To Hayes and other island residents, Glacial Grooves Geological Preserve is one of Kelleys Island’s Seven Treasures, with its soft limestone canvas of smooth waves, ridges, deep lines and jagged cracks worn into splintered sections along the 400-foot formation.
For visitors to the island, the grooves serve as a popular starting point as they take in Kelleys Island’s other natural and historical attractions.
Varied theories exist on how the grooves were formed. Hayes said the most recent theory, put forth about 10 to 15 years ago, involves water rushing under a mile-high glacial wall of ice, snow and granite and carving the grooves out of the island’s soft limestone.
Hayes stood next to a chain-link fence surrounding the grooves and described the formation, which he called the second most popular geological site in Ohio next to the Serpent Mounds in Adams County. The 40-foot-long grooves are 16 feet deep and 40 feet wide, with visitors able to view the geological formation from various angles along an elevated walkway.

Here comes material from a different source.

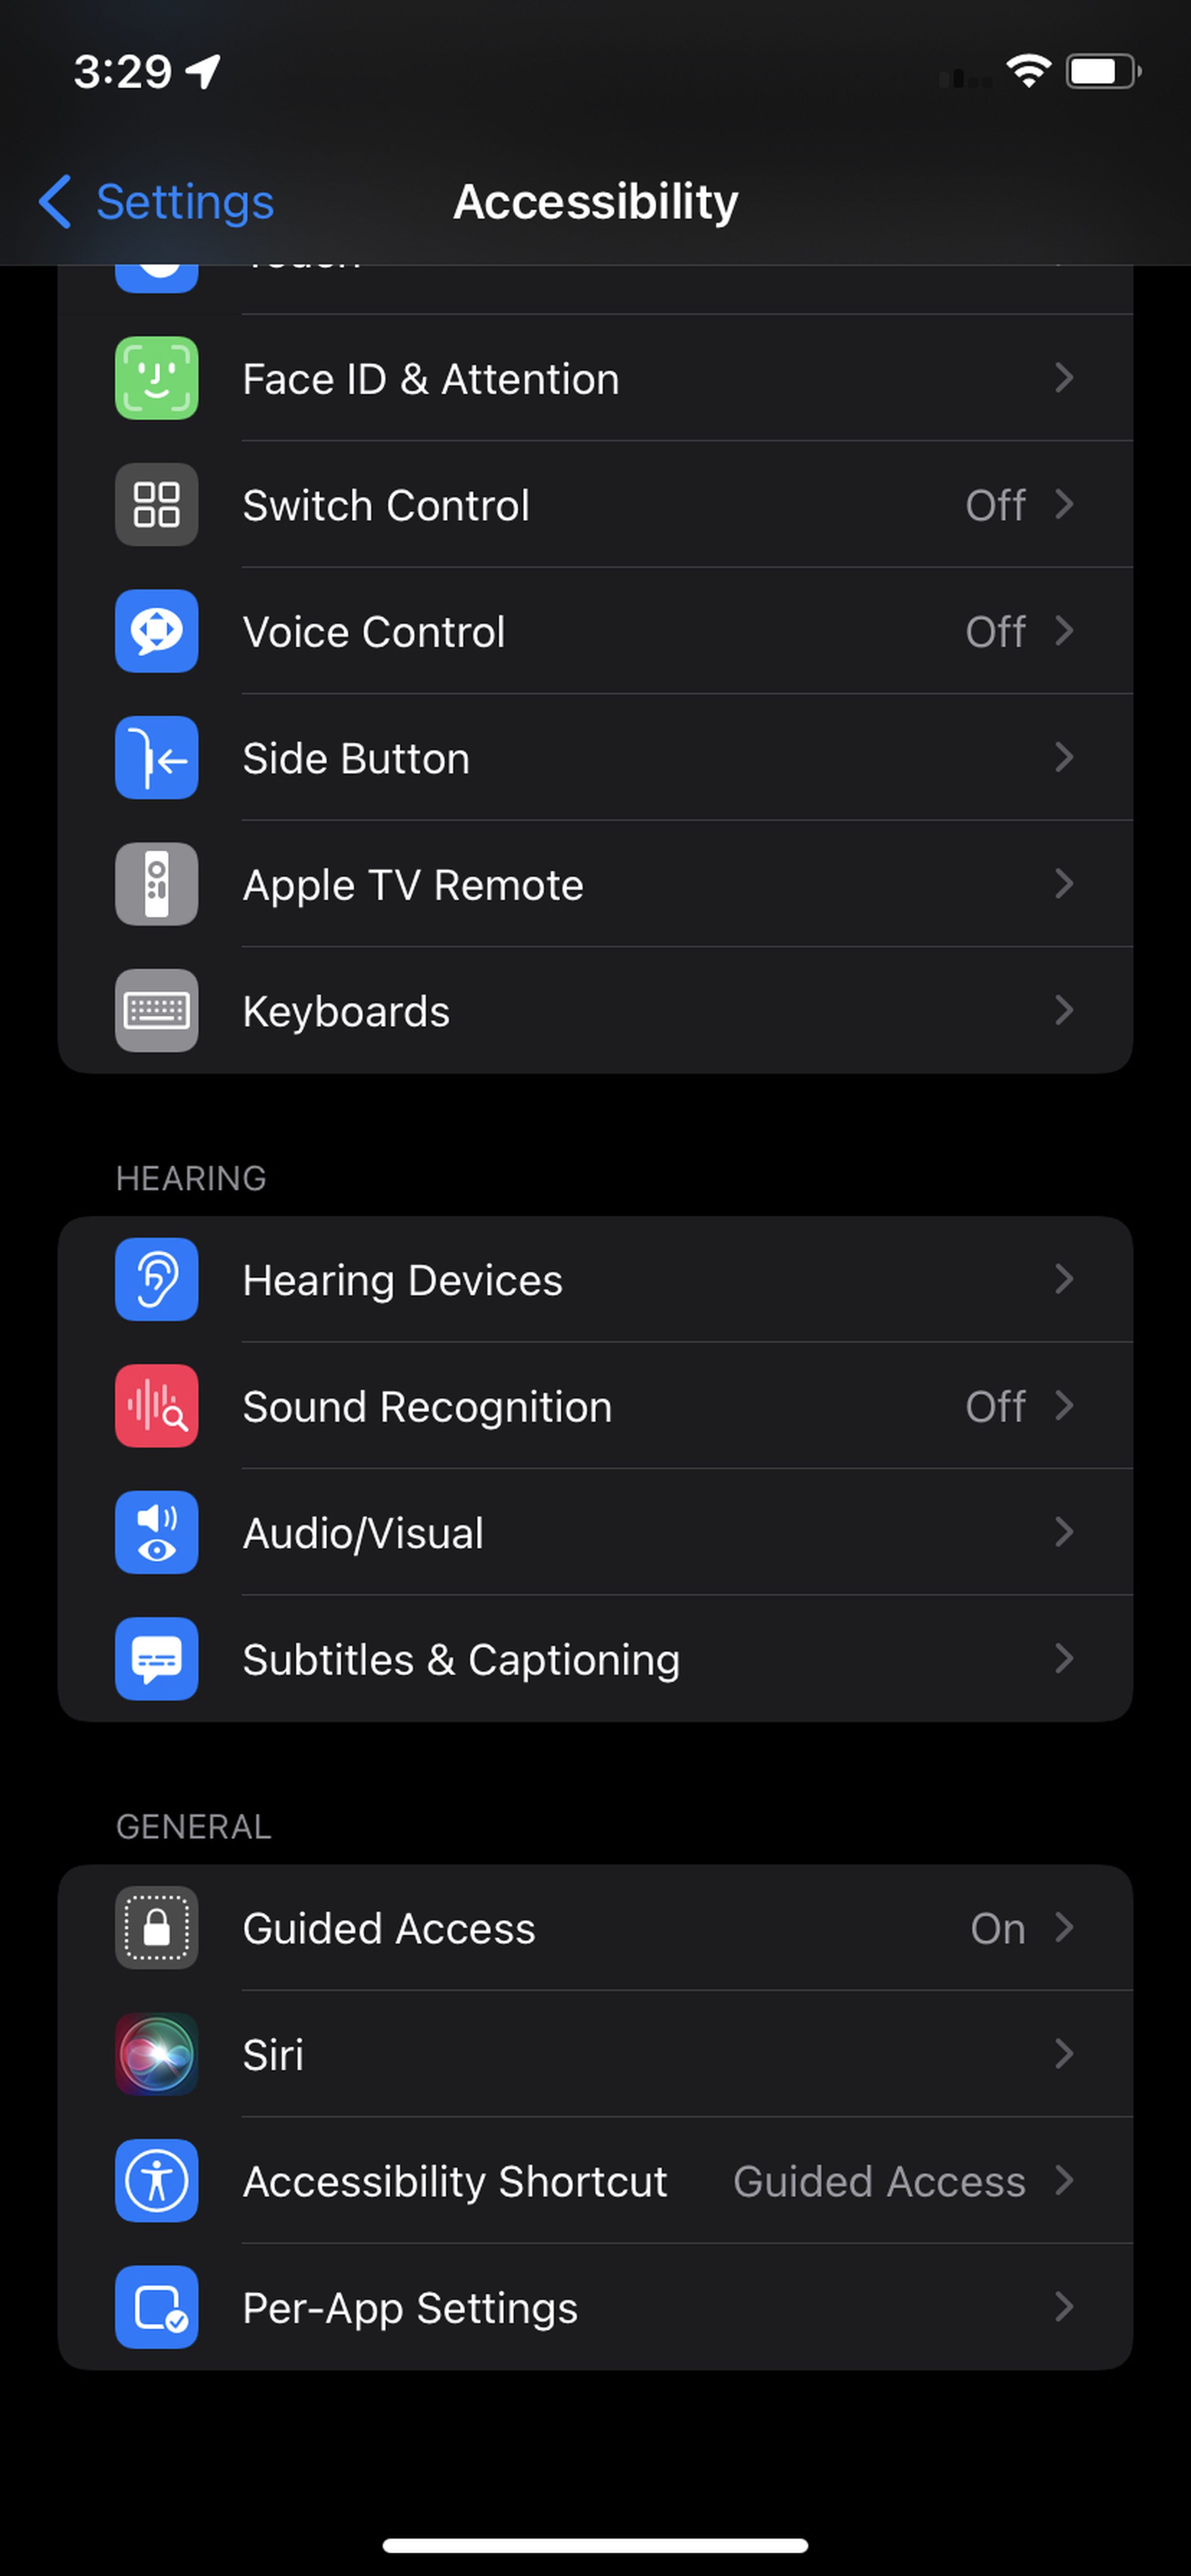 Bottom half of iOS accessibility menu

Hayes said that early in the island’s history, most of the grooves were quarried, burned to make lime, and sold for limestone. Since 1923, what remained at the site has been protected and maintained by various state protective agencies and groups, and is under management by the Ohio Historical Society, according to the Audubon Club.
Embedded and visible throughout the limestone are a number of fossils, Hayes said.
In 1972, a Bowling Green State University geologist and her team dug out the grooves with a backhoe and removed a buildup of glacial till that included gravel, clay and soil.
“When they got done with it, this whole section of grooves was like a polished granite of cemetery stone,” Hayes said, calling it the best example of glacial strife in Ohio and possibly the United States.
Kiernan Sanders, the Kelleys Island Chamber of Commerce office manager, said someone comes to his office and asks about the grooves just about every day, with the geological preserve being the island’s top natural attraction.
“I think it’s really interesting that you can see history in action,” Sanders said of the grooves.
Other popular island natural attractions include Inscription Rock, the Alvar habitat, Kelleys Island State Park, East Quarry and the Scheele Preserve.
Hayes said Inscription Rock, an enormous, 32-foot-by-21-foot limestone rock located off Lakeshore Drive, features carved inscriptions and petroglyphs estimated to be up to 500 years old, drawn the Erie Indians.
He said a lot of the inscriptions have been eroded away. The rock was moved by a glacier from one side of the island to its current location, where it now sits by a pavilion and deck area. Tree and barn swallows nest under the pavilion’s eaves.
The East Quarry closed in 1943, with steel taken from the quarry to Cleveland to help the U.S. war effort during World War II, Hayes said.
Populated by rows of cedar trees and a shallow, 15-acre body of water, the quarry attracts many of the island’s migratory birds of prey. Hayes said hawks and eagles will circle around above the quarry and look for food.
Hayes said the island also is well-known for its birding and the diverse migratory birds that flock to it in the spring and fall.
Sanders has worked in the chamber office since June. He had not seen the grooves or any of the island’s other natural attractions before he started work on Kelleys Island.
Visitors often come from one of the ferries and ask him about the grooves, Sanders said, and are surprised to find out what else they can explore on the island.